Now let's play back the objList to make sure it's good.

In [1]:
import numpy as np

lastFrame=objList[-1][0]
print('lastFrame',lastFrame)
radius=10; thick=0;
color=(255,255,255)
im=np.zeros((yRez,xRez,3),dtype='uint8') # create a black image
lastFrame=0
for i in range (len(objList)):
    frame,xc,yc,objID,ASSIGNED_FLAG=objList[i] 
    cv2.circle(im, (xc,yc), radius,color[0], thick) # place rectangle around each object, BGR
    if frame!=lastFrame:
        lastFrame=frame
        cv2_imshow(im)
        #sleep(0.3) # no need to make sure every frame is visible since we keep writing circles on the original image (like a multiple exposure in photography), leaving a trail of object locations
        display.display(plt.gcf())
        display.clear_output(wait=True)

NameError: ignored

# Tracking Code

Now we are ready to do tracking using the objFile.
Here is an outline of what the code will be doing...
1. Find out where each frame starts in the objList. 
2. Initialize the objects in the first frame by assigning them ID's, starting with 0.
3. Make a nested loop (a loop in a loop). For each of the old objects (outer loop) find the closest new object (inner loop), and assign the old object ID to the new object. Set the ASSIGNED_FLAG for the new object so it isn't matched multiple times to old objects.
4. Give any newborns (new objects that were not assigned to old objects) a new unique ID, and keep track of what new id to give with the variable newID.
5. Show the tracking results by displaying each frame with bounding boxes around each object, color coded by the object ID. If there is perfect tracking, the bounding box of an object will stay constant as the object moves. If the color changes, try and predict what failure mode is occuring.


In [1]:
import math # we are going to need square root for calculating distance

radius=10; thick=0;
# To see if the the tracker is working, let's color code the bounding box of each object by it's id.
# If tracking is working perfectly, an object will retain it's color. 
# Seven colors are defined in a list. Can you decode what color they would produce? Hint: BGR
color=[(0,0,255),(0,255,0),(0,255,255),(255,0,0),(255,0,255,),(255,255,0),(255,255,0)] 

# The objList is a list of lists.
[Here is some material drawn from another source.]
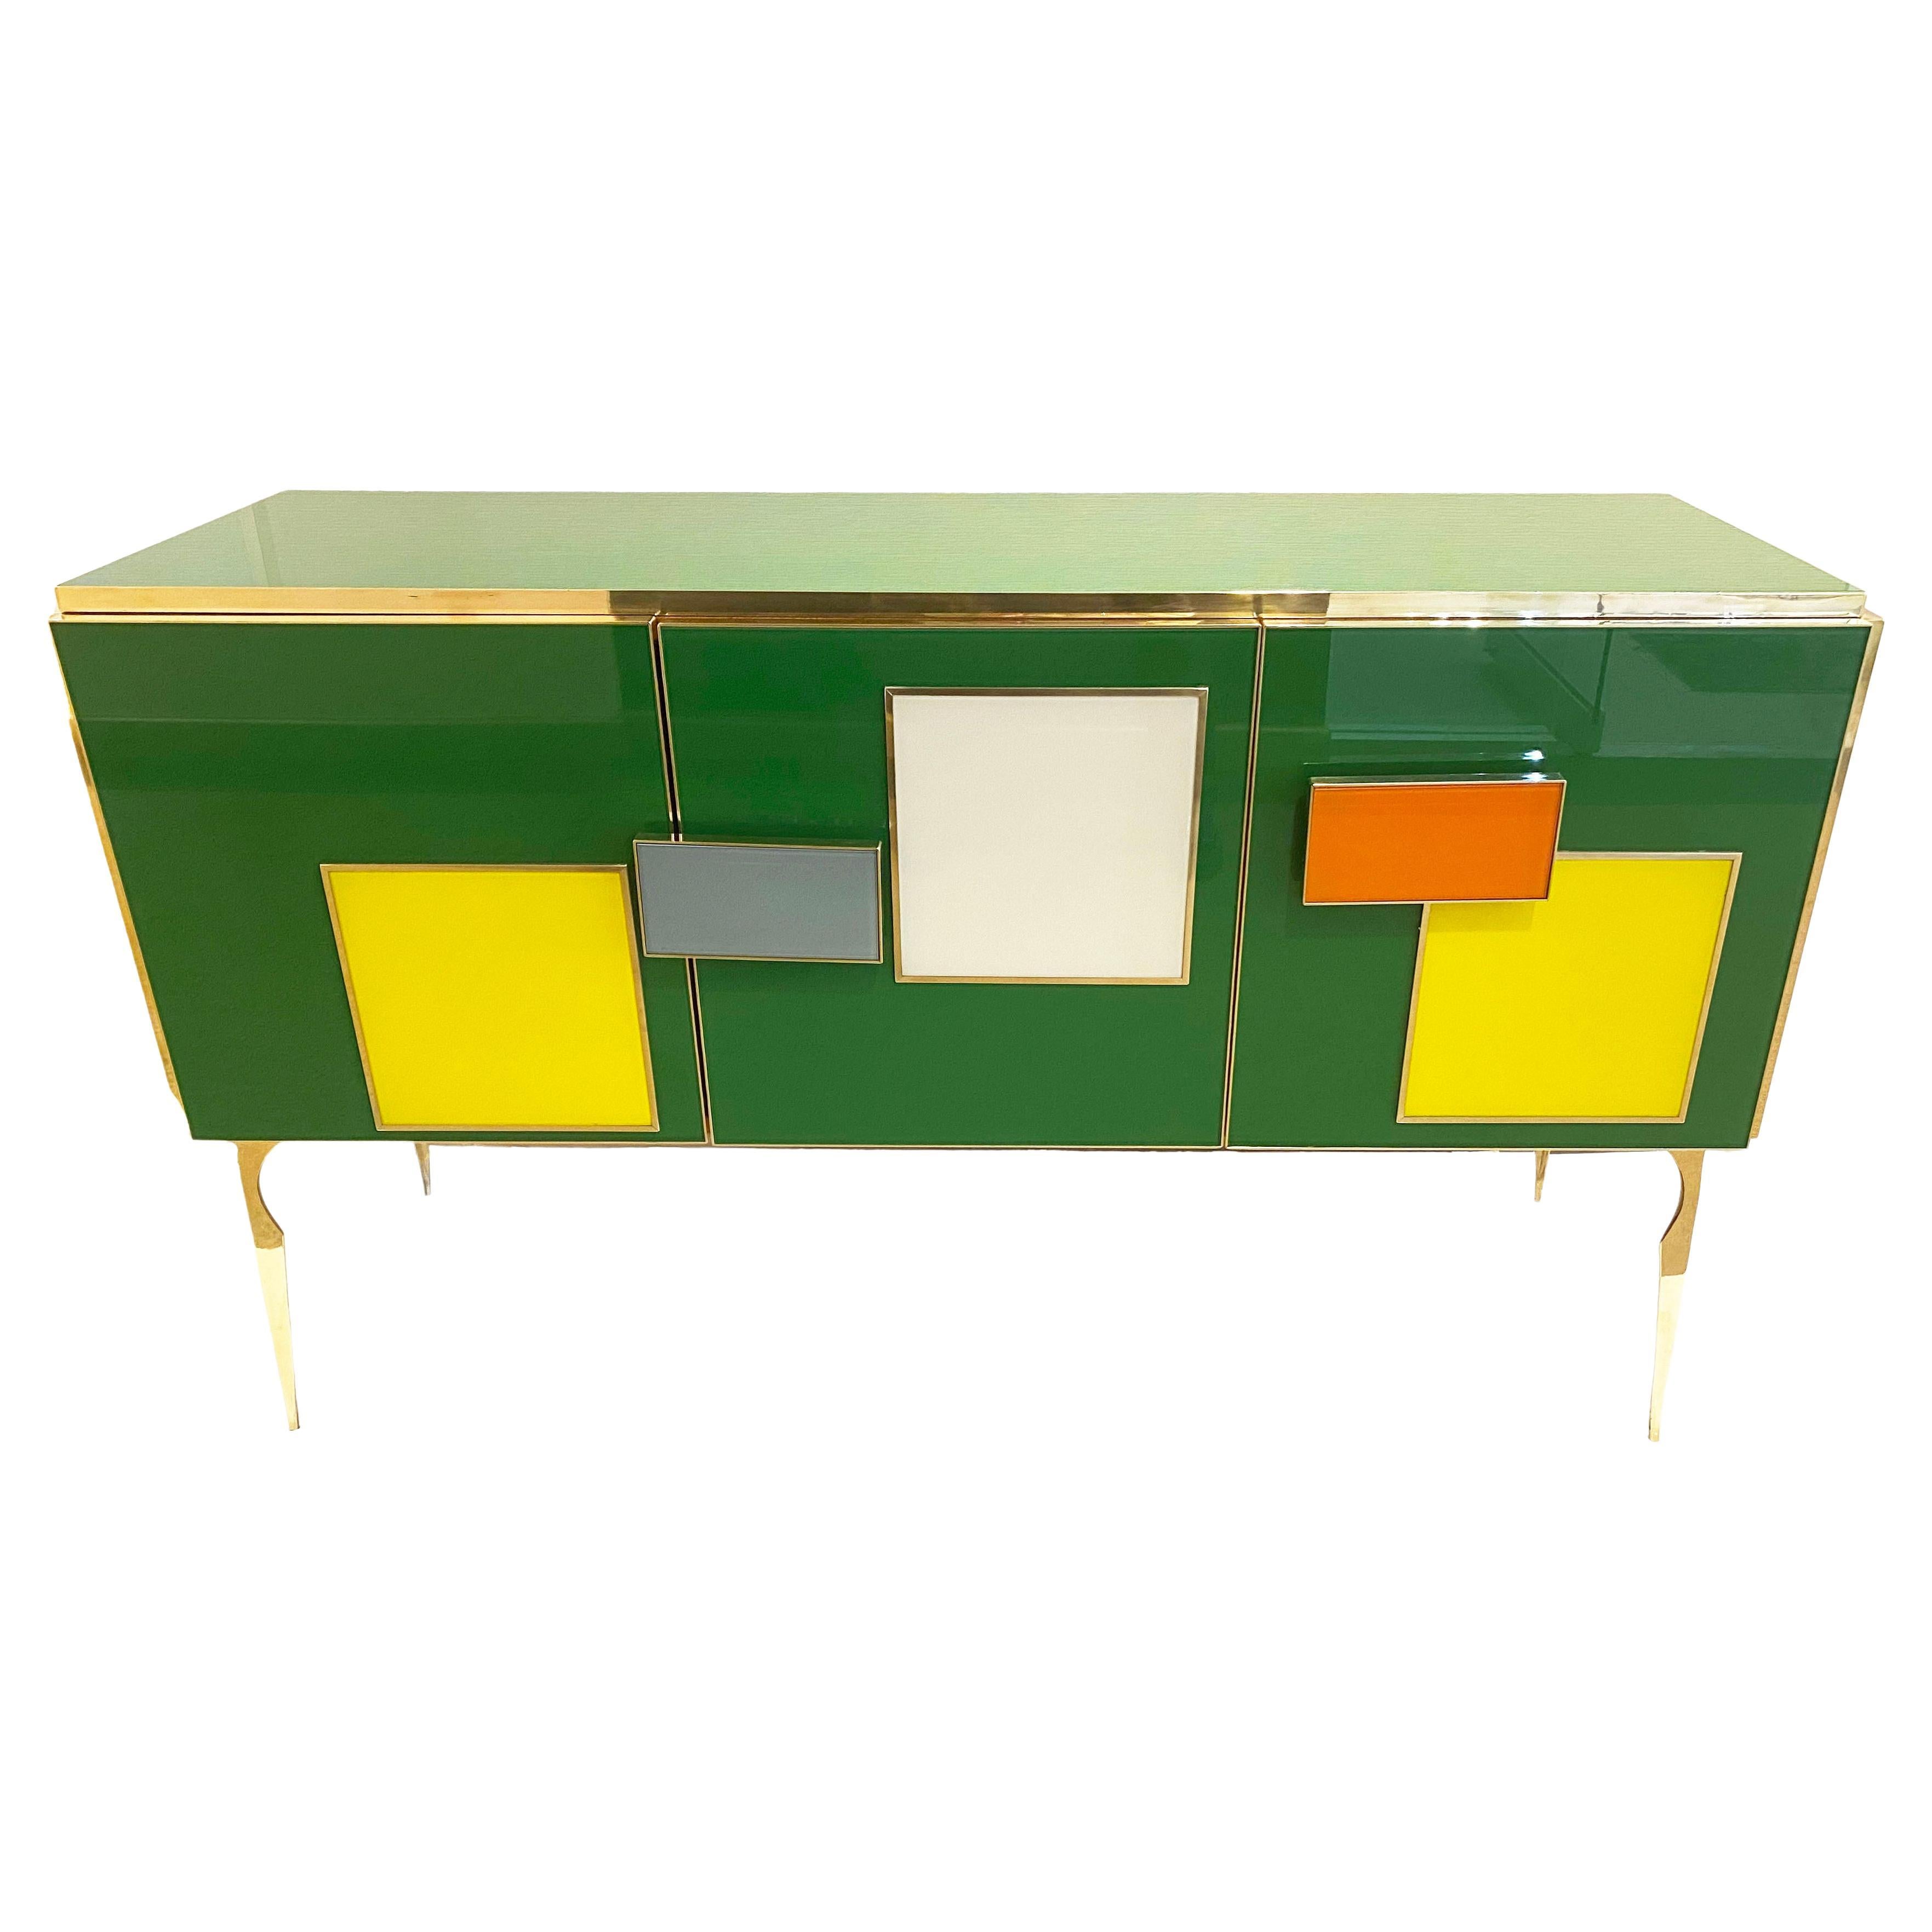 Bespoke customizable 3-door modern cabinet sideboard, entirely handcrafted in Italy with Memphis inspiration for the attractive colorful geometric decor with raised pattern and handles. The surround is decorated with art glass in a striking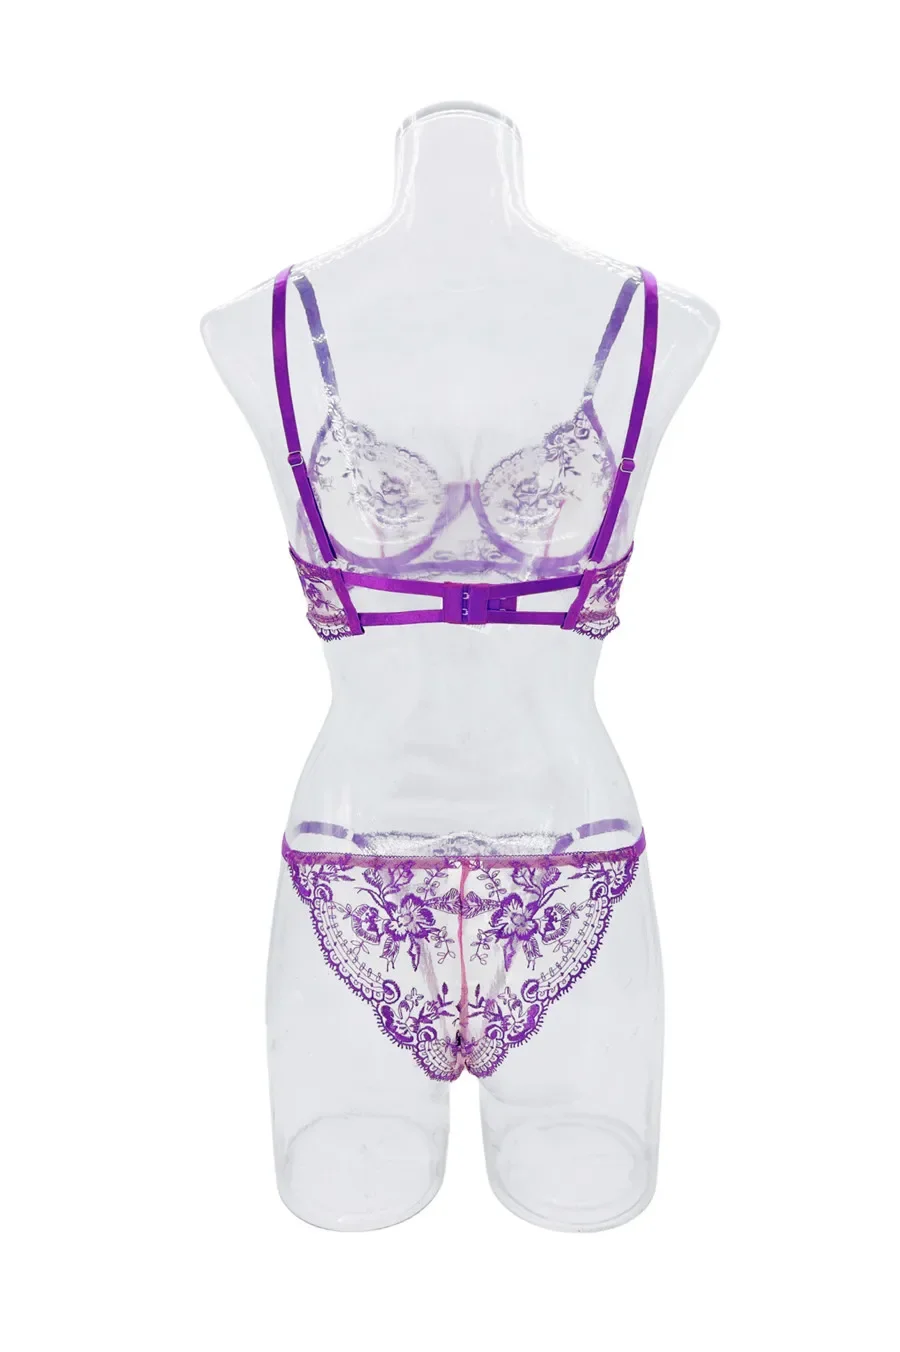  Women's Bra, Bra and Panties, Top and Bottom Set, Embroidery,  Flashy, Floral Pattern, Gorgeous Women's Underwear, purple : Clothing,  Shoes & Jewelry

Each list contains these variables in this order; frameNumber,xc,yc,objID,ASSIGNED_FLAG
# Instead of retreiving their value (indexing) with numbers 0 to 4 (remembers computers count starting with 0), I like to use labels, to give the code better readablity
frameIndex=0
idIndex=3
assignIndex=4

# create a black image for us to draw on
im=np.zeros((yRez,xRez,3),dtype='uint8')

# make a list of where the frame boundaries are in objList
startFrame=[]
lastFrame=0
for i in range (len(objList)):
    frame,xc,yc,objID,ASSIGNED_FLAG=objList[i] 
    cv2.circle(im, (xc,yc), radius,color[0], thick) # place rectangle around each object, BGR
    if frame!=lastFrame:
        startFrame.append(i)
        lastFrame=frame

# give objects in the first frame initial id's so they can be propagated to successive frames
startingID=0
for i in range(startFrame[0],startFrame[1]):
    objList[i][idIndex]=startingID
    startingID+=1
newID=startingID          # if a new id is needed for a new object, start with this since it's the next one that hasn't been used (every object must have a unique id!)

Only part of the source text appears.